Some critics have raised concerns about the extreme measures taken by Johnson and the potential risks associated with such an approach, including the high costs of following the blueprint, but also the potential for harm from unproven treatments and the ethical implications of such extreme measures. Some have argued that the techno-utopian discourses concerning the possibilities afforded by self-tracking technologies do not acknowledge the complexities and ambivalences that are part of self-monitoring health, both for patients and for healthcare providers. These include “the emotions and resistances they provoke, their contribution to the burden of self-care and the invisible work on the part of healthcare workers that they require to operate”. Empowerment should be understood as both a process and an outcome and involves a patient’s interaction with other patients suffering from similar conditions, but also with doctors, and other ecosystem actors.
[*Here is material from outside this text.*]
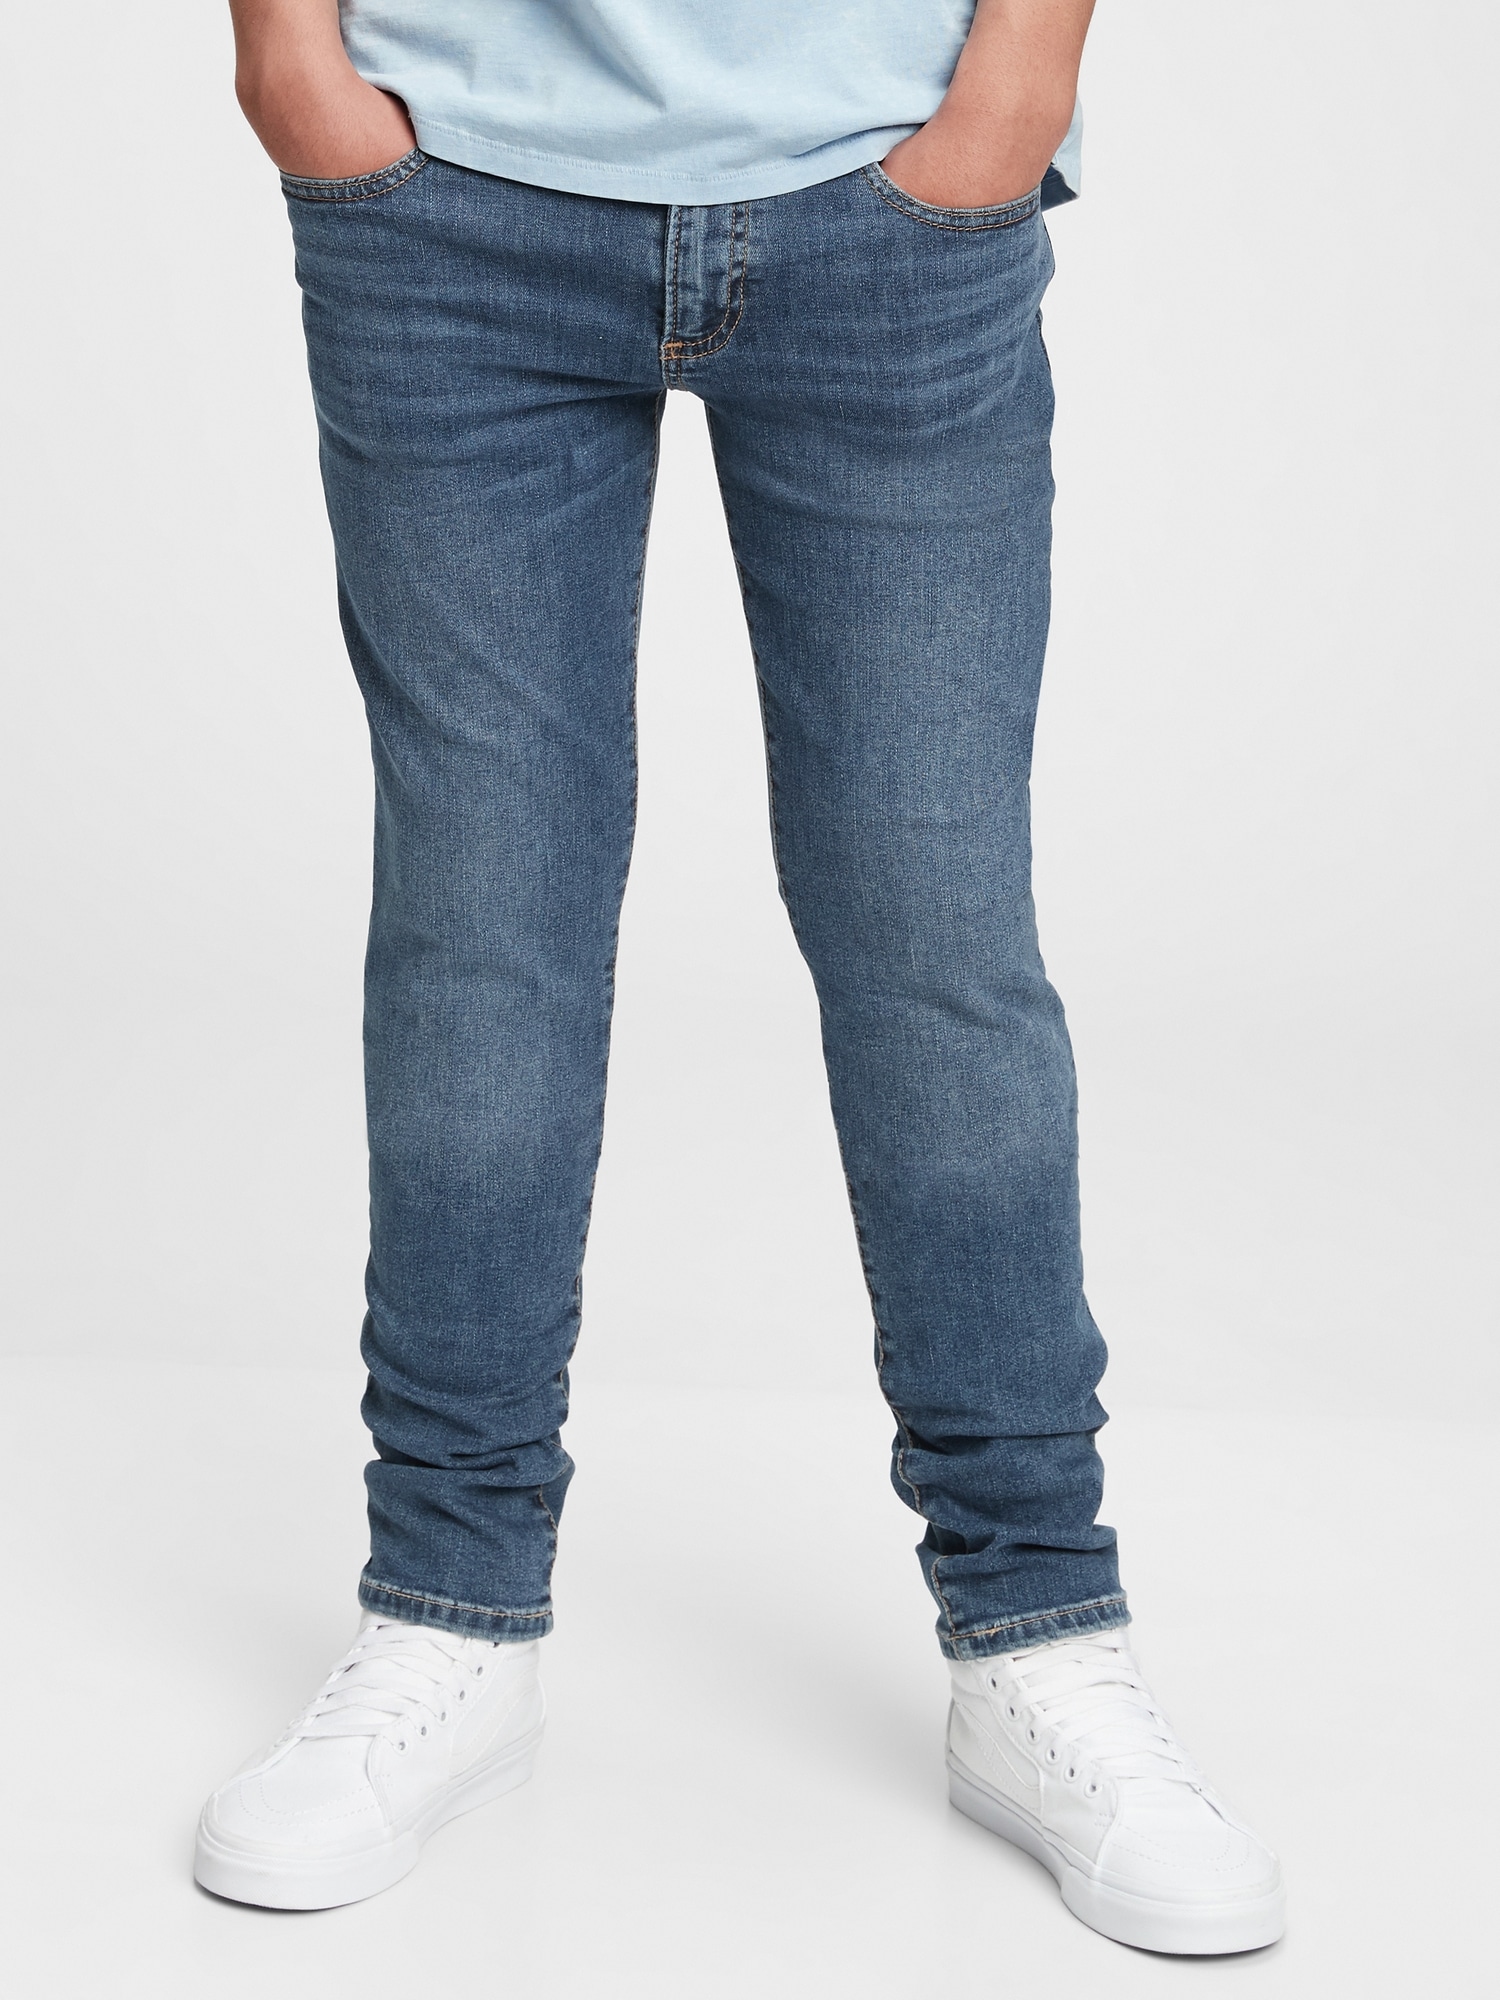 Teen Stacked Ankle Skinny Jeans with Washwell™ | Gap
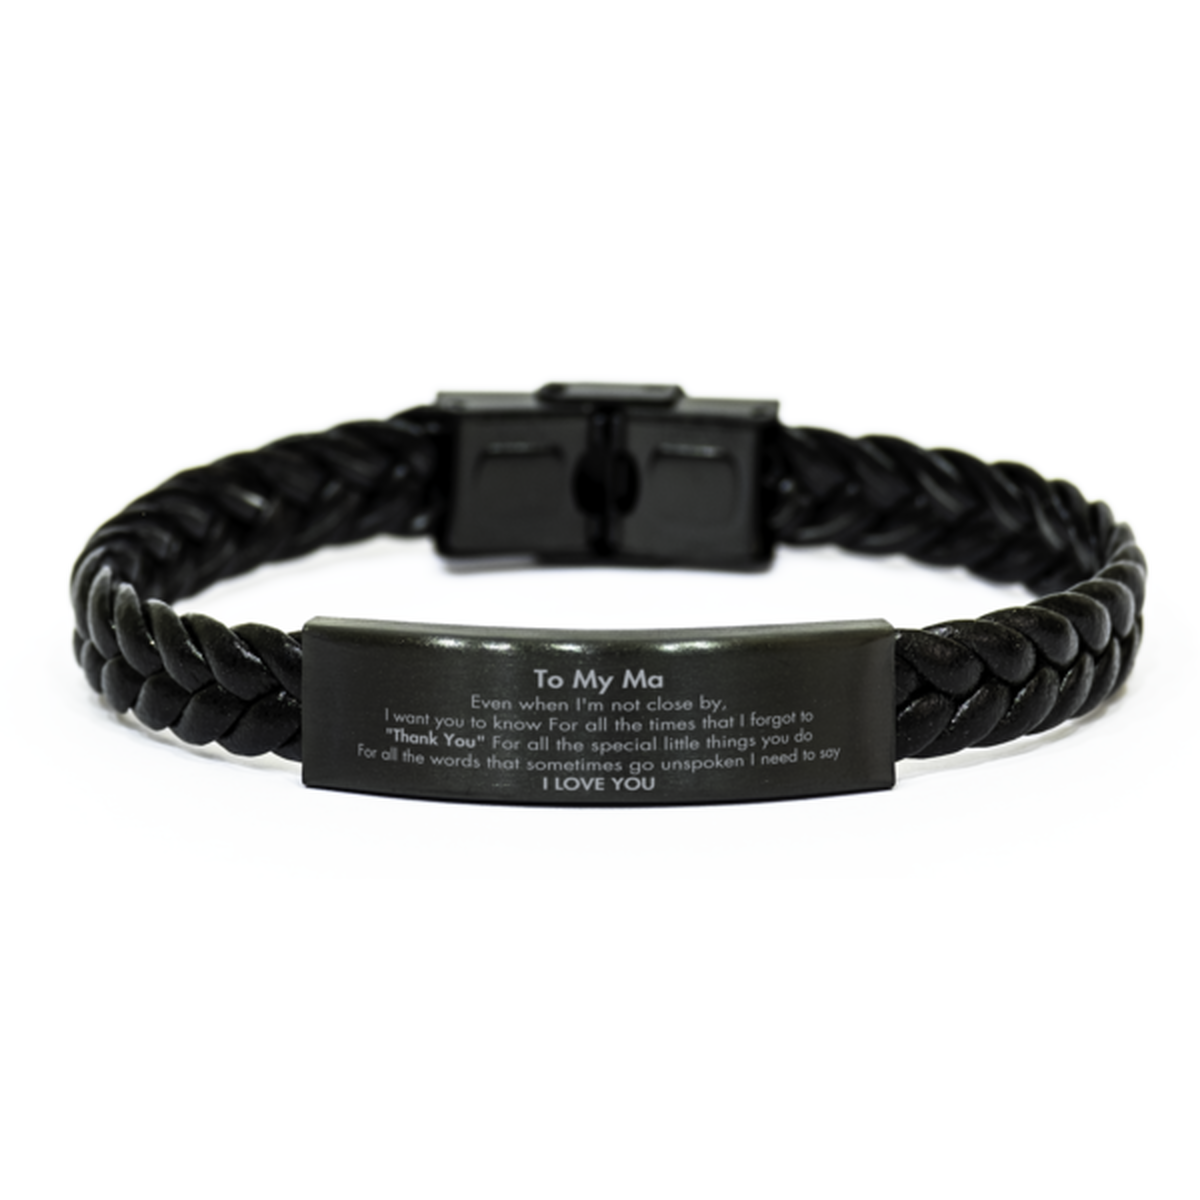 Thank You Gifts for Ma, Keepsake Braided Leather Bracelet Gifts for Ma Birthday Mother's day Father's Day Ma For all the words That sometimes go unspoken I need to say I LOVE YOU

Indeed, patient empowerment has disrupted the role of many ecosystem actors in healthcare service provision and management. It has put more pressure for healthcare providers such as hospitals and their specialized experts including doctors to become more digitally augmented. Doctors are no longer practicing medicine, they have become part of a team of multidisciplinary experts including data scientists, molecular biologists, and technology engineers. This team has greater expertise to implement more targeted plans for personalized medicine in comparison to single doctors without digital technologies. Together with this multidisciplinary team, doctors are in a better position to make informed decisions about how patients should interpret data about their disease. This is paramount in avoiding some of the risks mentioned above in relation to self-tracking devices for better monitoring one’s health. These technologies are important and critical for helping patients – especially those suffering from chronic diseases – to receive remote, on-demand care round the clock.
However, to achieve this, doctors and other carers need to be trained on how to use those technologies themselves, as well as to be supported by technology experts that can help them interpret data generated from those technologies. Evidently, the move towards preventive, personalized medicine has empowered indidviuals to become mor eactive in their health and wellbeing. Such empowerment has also generated new challenges but also transformative opportunities on healthcare ecosystems.